Evelyn enarcó las cejas... Su gesto era una clara negativa. Manifestó fríamente:
—¡Qué pregunta tan rara la suya, inspector! No. Nuestra conversación no fue motivada por nada especial.
—¿Se ocuparon de la salud de la señora Kendal? Evelyn reflexionó de nuevo unos segundos.
—En realidad no me acuerdo —repuso fríamente.
—¿De veras que no se acuerda?
—¿Cómo me voy a acordar? Es curiosa su insistencia en este punto... ¡Habla una de tantas y tantas cosas al cabo del día en distintas ocasiones!
—Tengo entendido que la señora Kendal no ha disfrutado de muy buena salud últimamente.
—No sé... Parecía estar bien. Algo cansada, quizá. Desde luego, dirigir un establecimiento como éste supone una serie grande de preocupaciones. Añada usted a eso que ella carece de experiencia. Naturalmente, en ocasiones se ve desbordada por los problemas pequeños y grandes que surgen a cada paso. Es fácil así sentirse a menudo confusa, aturdida...
—¿Confusa, aturdida? —repitió Weston—. ¿Considera usted estas palabras suficientemente expresivas para describir su estado?
—¿Le extraña que haya empleado esos dos vocablos? Pues yo creo que son tan buenos y exactos como los que se utilizan en la jerga moderna para hablar de éstas y otras cosas... Solemos decir «una infección de virus» para referirnos a un ataque de bilis, llamamos «neurosis de ansiedad» a las preocupaciones menores de la vida cotidiana...
La sonrisa de Evelyn hizo que Weston se sintiera un poco en ridículo. El inspector pensó que se las había con una mujer inteligente. Fijó la mirada en Daventry, cuya faz permanecía inalterable, preguntándose qué ideas pasarían por su cabeza en aquellos momentos.
—Gracias, señora Hillingdon —respondió Weston.

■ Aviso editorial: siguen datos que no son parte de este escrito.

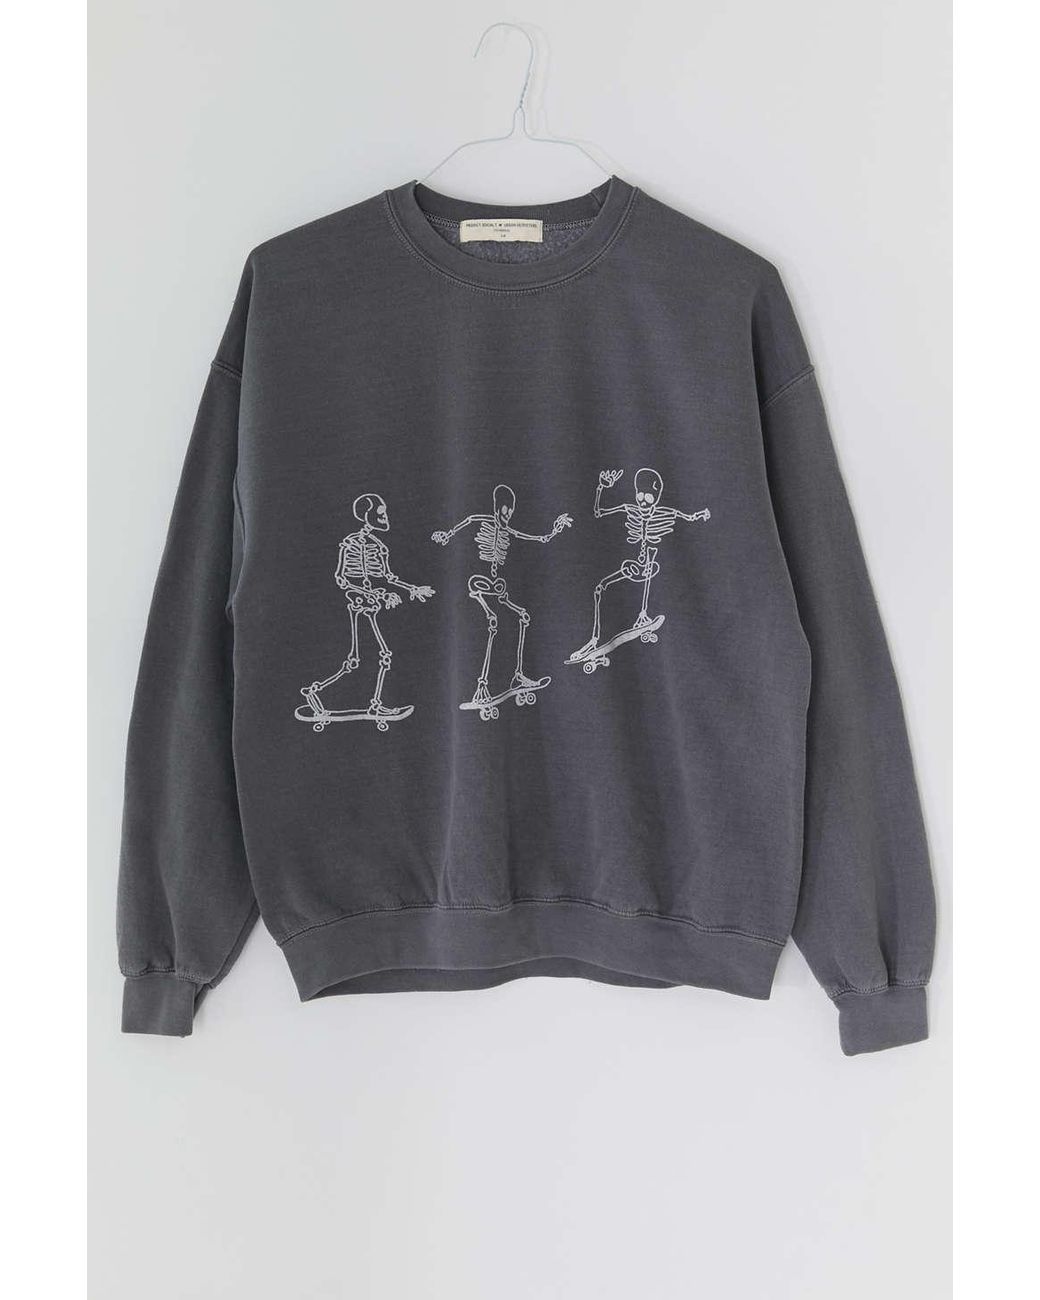 Project Social T Cotton Skateboard Skeletons Sweatshirt in Black (Gray) -  Lyst

—No quisiéramos molestarla, señora Kendal. Ahora bien, necesitamos contar también con su declaración. Deseamos saber cómo encontró usted el cadáver de esa chica indígena, Victoria. El doctor Graham nos ha dicho que ya puede hablar, puesto que se encuentra muy recuperada.
—Sí; sí —replicó Molly—. Me siento muy bien... —La joven sonrió nerviosamente—. Fue la impresión... Algo terrible, verdaderamente.
—Nos hacemos cargo de ello, señora Kendal... Según se nos ha dicho, salió usted a dar un paseo después de la cena...
—Sí... Yo... Es una cosa que hago frecuentemente. La joven miró a otro lado. Daventry observó que no cesaba de retorcerse las manos.
—¿Qué hora sería entonces, señora? —le preguntó Weston.
—No lo sé.
—¿Seguía tocando la orquesta aún en aquellos precisos momentos?
—Sí... Bueno, creo que sí... La verdad es que no lo recuerdo.
—¿Qué dirección siguió usted al iniciar su paseo?
—¡Oh! Me limité a avanzar por el camino de la playa.
—¿Hacia la izquierda o hacia la derecha?
—¡Oh! Primero en un sentido y luego en otro... Yo... No me di cuenta...
—¿Por qué no se dio usted cuenta, señora Kendal?
—Supongo que estaba... Sí, eso: supongo que estaba pensando en mis cosas.
—¿Pensaba en algo en particular?
—No... no... No se trataba de nada especial... Pensaba en las cosas que tenía que hacer, que ver, en el hotel. —Otra vez Molly empezó a retorcerse nerviosamente las manos—. Y luego... advertí algo blanco... en un macizo de hibiscos... «¿Qué será eso?», me pregunté. Me detuve y... —La muchacha tragó saliva, angustiada—. Era ella... Victoria... Estaba como acurrucada... Intenté levantarle la cabeza y entonces... me llené las manos de sangre.